Storage tier: `env.storage().persistent()` for balances; `env.storage().temporary()` for allowances; `env.storage().instance()` for supply and admin.

| Key | Storage Tier | Value Type | PII? | Notes |
|-----|-------------|------------|------|-------|
| `Balance(Address)` | Persistent | `i128` | ❌ No | Token balance for an address. Numeric only. |
| `Allowance(Address, Address)` | Temporary | `i128` | ❌ No | Approved spend amount between two addresses. Numeric only. |
| `TotalSupply` | Instance | `i128` | ❌ No | Aggregate token supply. |
| `Admin` | Instance | `Address` | ❌ No | Cryptographic public key. |

---

## Findings

**No PII or sensitive off-chain data was found in any storage key or value.**

All stored values are one of:
- Cryptographic public key addresses (`Address`) — pseudonymous by design on Stellar; not PII under the contract's data model
- Numeric amounts (`i128`, `u64`, `u32`) — token quantities, timestamps, counters
- Boolean flags
- Enumerations (`StreamStatus`)
- Collections of the above (`Vec<u64>`)

No free-text fields, no email addresses, no names, no off-chain identifiers, and no encrypted blobs are stored anywhere in contract storage.

### Note on Address Pseudonymity

Stellar `Address` values are cryptographic public keys. While they are pseudonymous (not directly tied to a real-world identity in the contract), they are public on-chain. This is expected and inherent to all public blockchain systems.
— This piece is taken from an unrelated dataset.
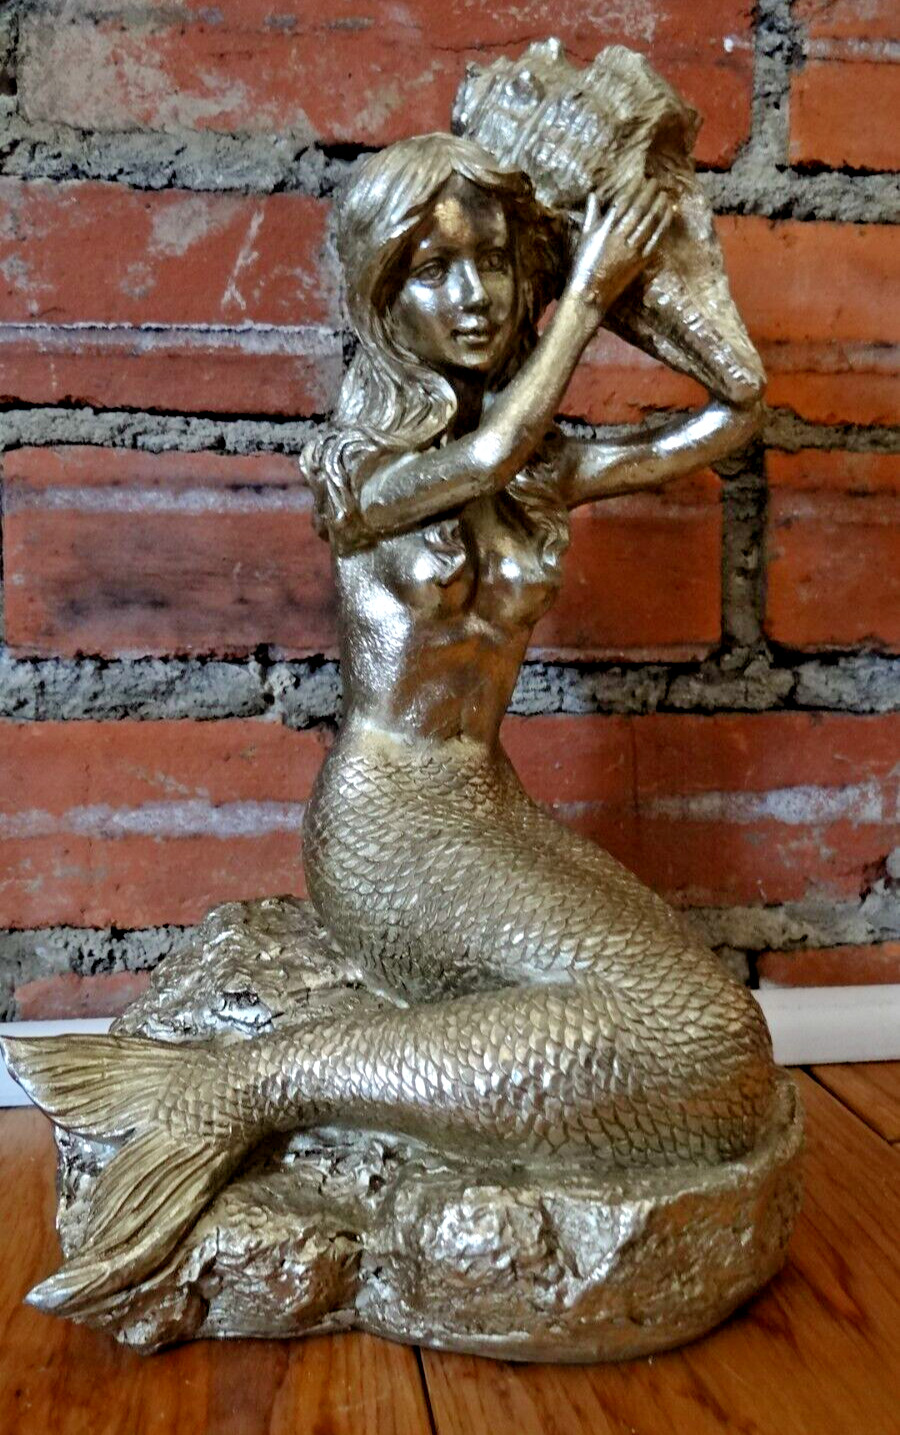 Mermaid Holding A Seashell Figurine 11” Tall

No additional PII is attached to these addresses within the contract storage.

---

## Recommendations

1. **No remediation required** — storage is clean of PII.
2. **Future changes** — any new storage key that stores user-supplied string data (e.g., a stream label or memo) must be reviewed before merging to ensure it does not introduce PII.
3. **Off-chain indexers** — if an off-chain indexer or API layer is built on top of these contracts, that layer must be assessed separately for PII handling and GDPR/privacy compliance.

---

## Conclusion

The storage audit is complete. All storage keys and values in both `contracts/stream` and `contracts/token` contain only cryptographic addresses and numeric/boolean data. No PII is stored on-chain.